## Prompt
After finding "Hair wig for" in the data, write out its line and all following lines without change, up to and including the last one. Leave out pictures.

## Provided material
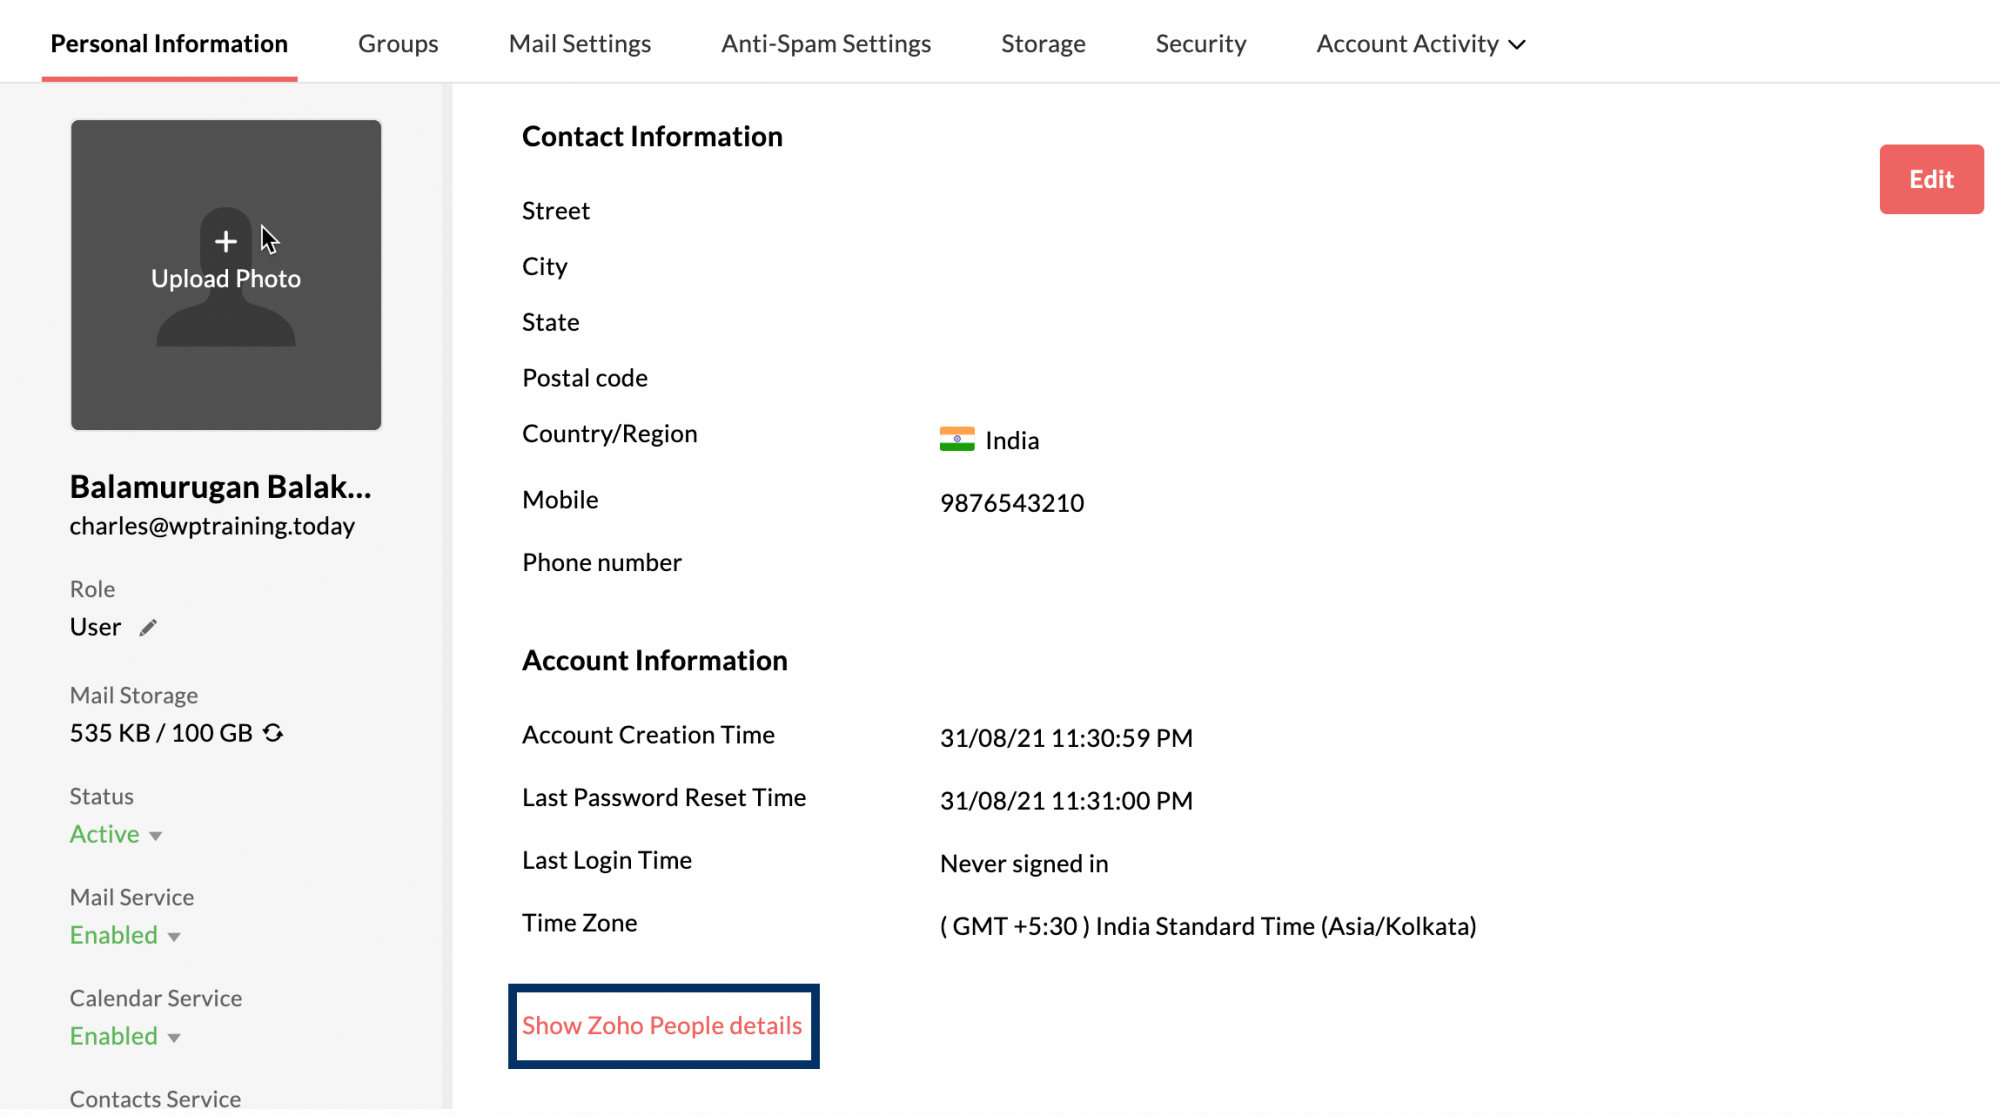 show Zoho People details
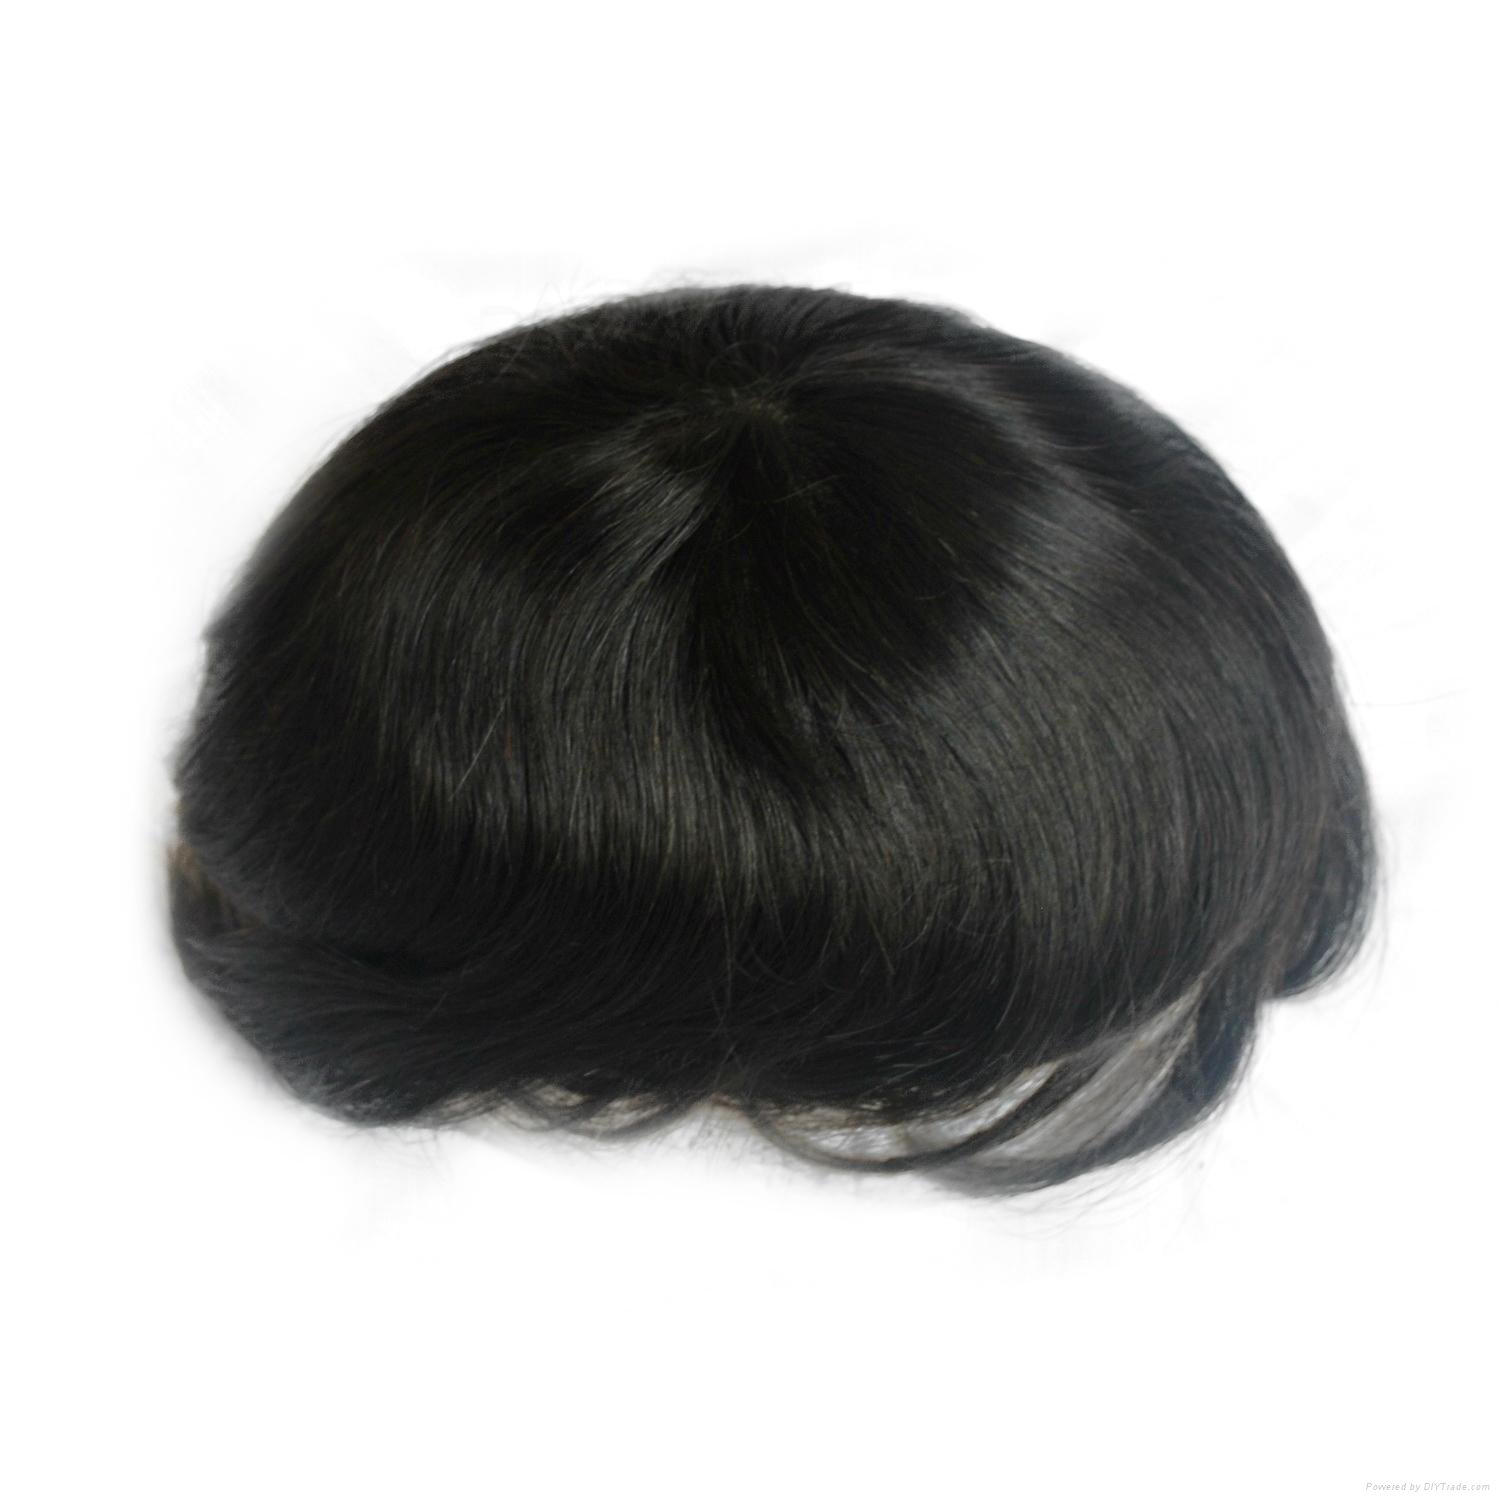 Hair wig for men in stock #1b human hair with pu around 4
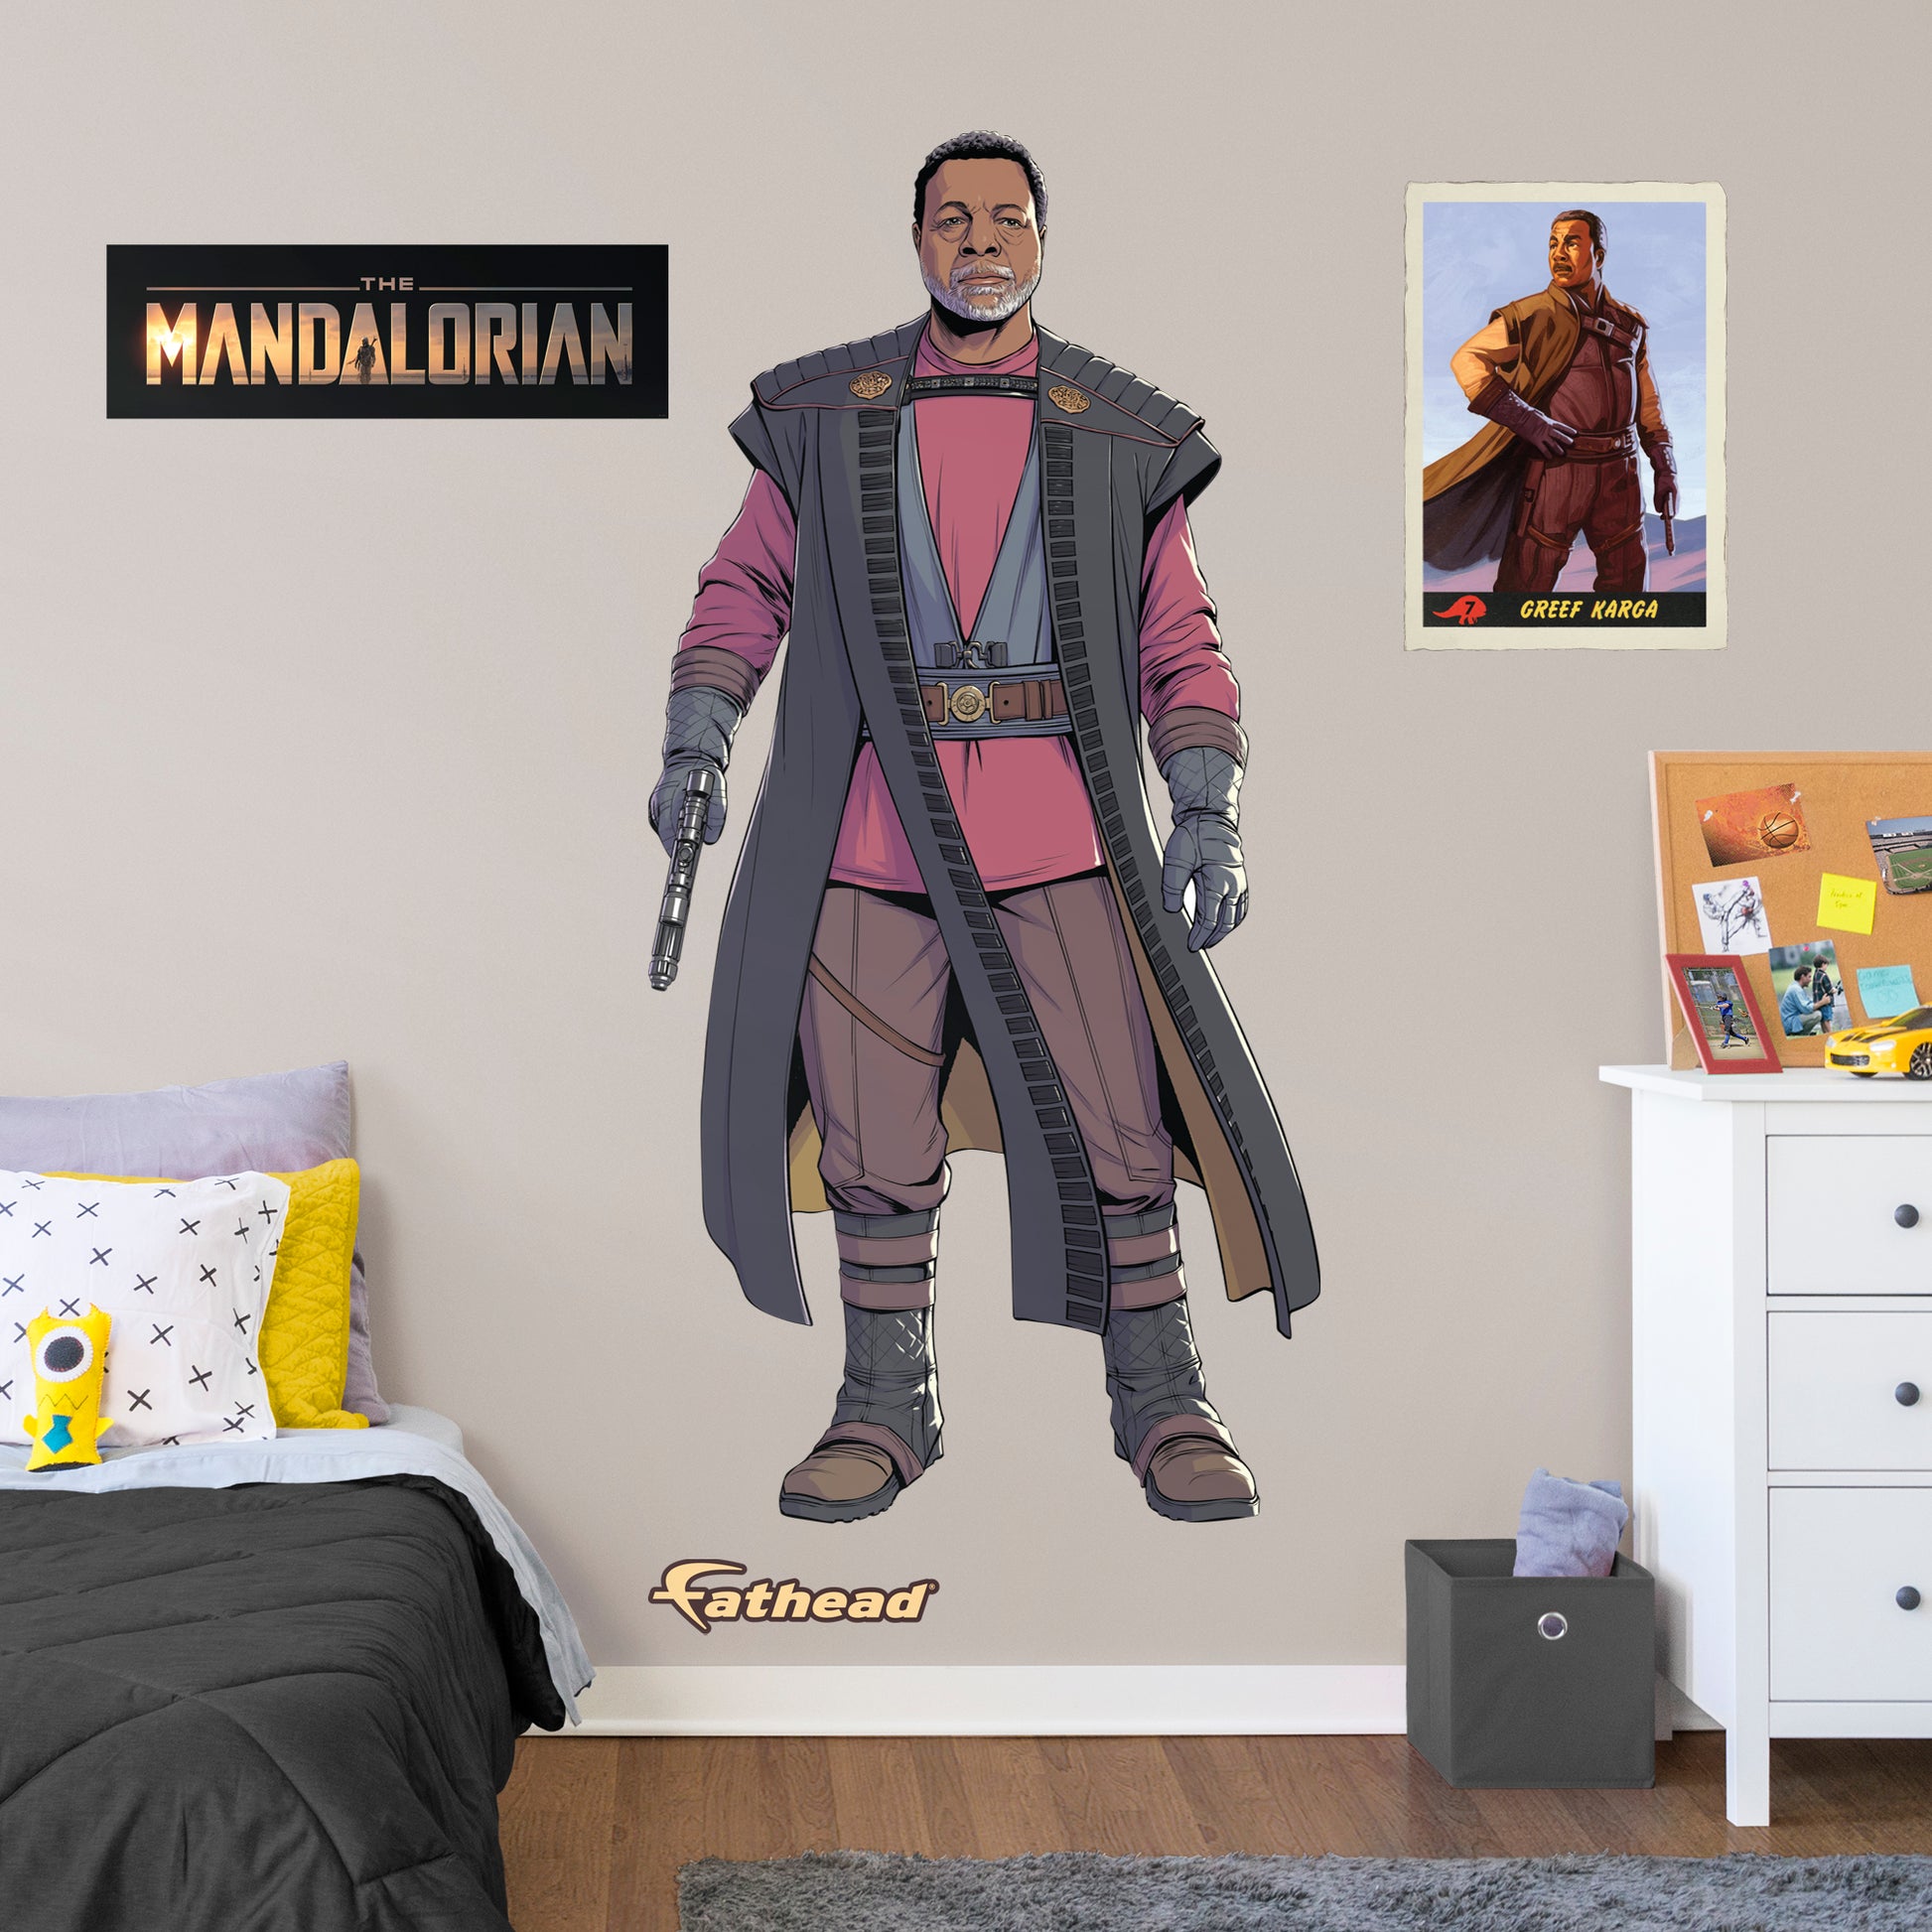 Life-Size Character +3 Decals (38"W x 78"H)

## Task output
 Hair wig for men in stock #1b human hair with pu around 4
 Life-Size Character +3 Decals (38"W x 78"H)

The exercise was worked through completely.